Not black enough

Browsing my Facebook timeline and saw a picture that read “dark skinned women are beautiful.” I immediately thought to myself, “this is true”. I decided I wanted to read the comments to see the positivity being spoken. It looks as if a lighter skinned woman asked why separate us and why not say all black skin is beautiful? Apparently this became an opportunity to discuss how light skinned women “don’t understand” the hardships of being a “black woman”. Oh, so I don’t know what it’s like to be black? I have never experienced racism? I have never been insulted, excluded, or disrespected for the color of my skin? Let me answer that question for you, I HAVE. When a racist sees me, he or she does not hate me less because I am a lighter version of the color they hate. I have been pulled for driving a car “too nice” for me to have. I have had white women grab their purse in an elevator because they expect me to rob them. I have been followed around in stores because they just KNOW I am going to steal something, anything. I have been called “nigger”. I know what that feels like so HOW DARE YOU diminish what I have gone through because of my light skin? HOW DARE YOU question my African blood line because of my light skin? HOW DARE YOU try to make me feel guilty for being proud of the skin the ALMIGHTY GOD himself saw fit to give me?

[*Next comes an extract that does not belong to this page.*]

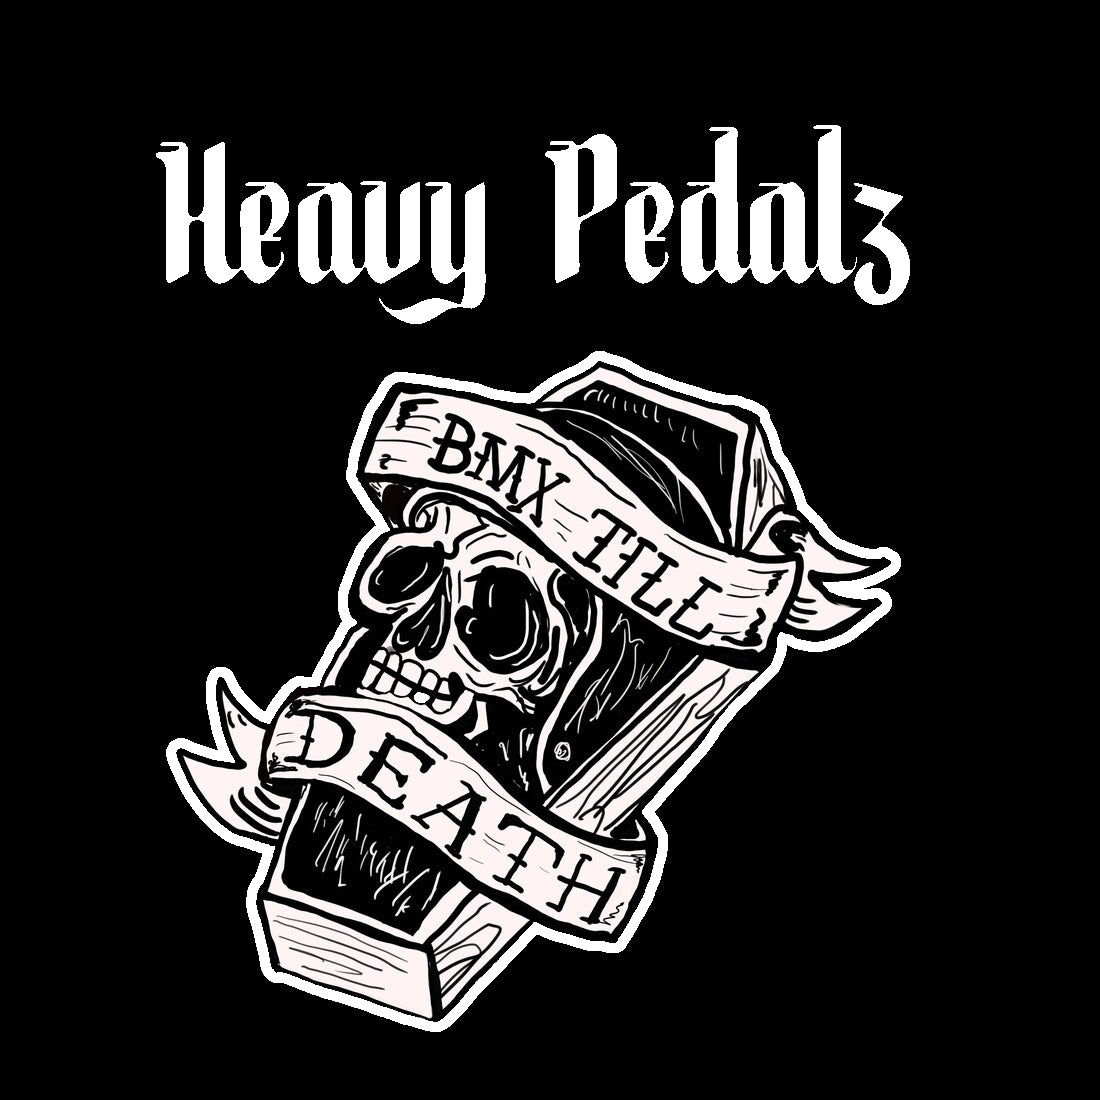 Heavy Pedalz "BMX Til Death" Short Sleeve Tee - Black

But to be honest, it is not the racism of whites that hurts me. It is the racism of blacks that bothers me, deeply. How many dark skinned people participated in that “light skinned niggas/bitches be like” foolishness on Twitter and Instagram? How many pictures were posted of the stereotypes associated with my skin? How many of you ignorant sons of bitches believe that crap? TOO MANY! I have had black men say they don’t talk to light skinned women because they are too “stuck up”. If you took the time to get to know me, you would know I am one of the most down to Earth people you could ever meet. I have had black men and women accuse me of wanting to be white. No, I’m simply educated and refuse to listen to music that degrades my sisters. People still believe I am chosen to do this or that or I have achieved this or that because I am light skinned. Actually, everything I have I busted my ass for and I am still grinding for more.

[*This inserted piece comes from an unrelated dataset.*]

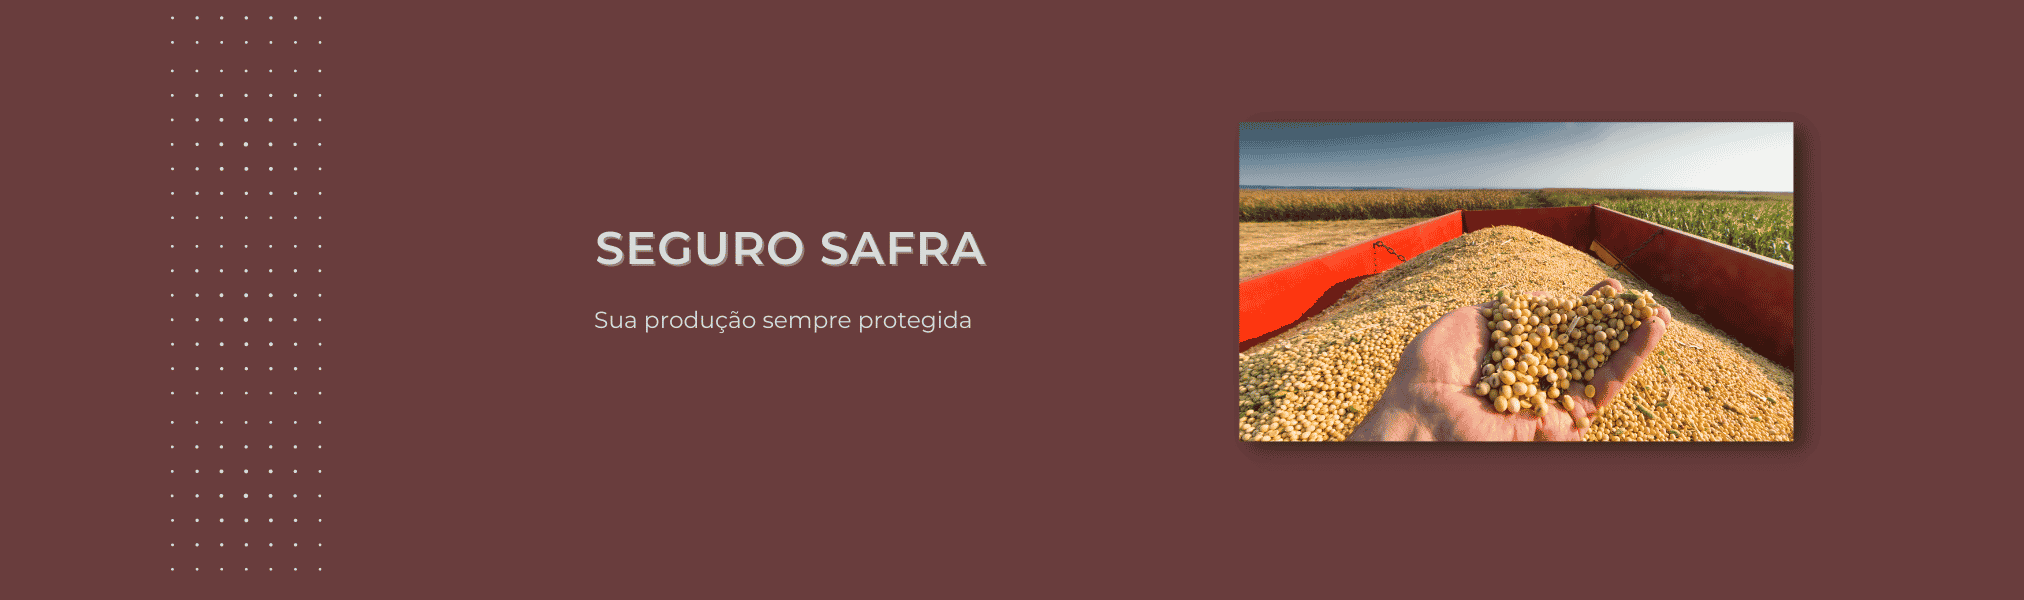 Banner Seguro Safra

Do not misunderstand me. I know that dark skinned people experience hardships in life and love. Look at Hollywood. The “hero” in the urban movies is some light skinned dude or woman who swooped in to save the main character from the wrath of the dark skinned character. There are blacks that still talk about not wanting a dark skinned man or woman because the “babies will be too dark”. It has been proven that dark skinned individuals experience more racism in the work place. I know. I know that you struggle and you struggle hard. I acknowledge your struggles, I do not diminish them! I support you and your fight. Yet it seems you cannot support me. I am not deserving of my black people’s respect because my skin is too light. I am tired of my soul being insulted by my own. I am tired of being made to feel guilty for being a light skinned woman. I am tired of being called a bitch if I stand up for myself and exhibit pride in my skin. I am tired of being told I don’t know what it’s like. I am tired of my struggles being diminished. I am tired of my black people being the most racist people. I am a PROUD black woman. I am a PROUD light skinned woman. Everything I have achieved I fought for and DESERVE. I will NO LONGER feel guilty for my shade of blackness. I am what I am. I am who I am. I am all the God has intended for me to be. If that bothers you then take it up with the Almighty. Tell Him he made a mistake. Tell Him he didn’t create me with the right skin. Or we can stop the segregation. We can stop the self hate. We can band together and build ourselves up to the Kings and Queens we used to be. But then again, that would be the easy way wouldn’t it? Then you would have no reason to blame your self hatred on me, would you? Keep your hatred, I have shit to do.


3 thoughts on “Not black enough

  1. For someone, racism is overpassed by ourselves, because we’re so caught up worrying over other races talking bad about us. When we go out, the other races abs ethnicities could care less what we’re wearing. When we go out with each other, more concern is invested in what another person has on and why our outfits match. Instead of you both thinking you have God taste (or got your rainbow s shop on), that uplifting side hides away. There you go getting by blogging brain going again.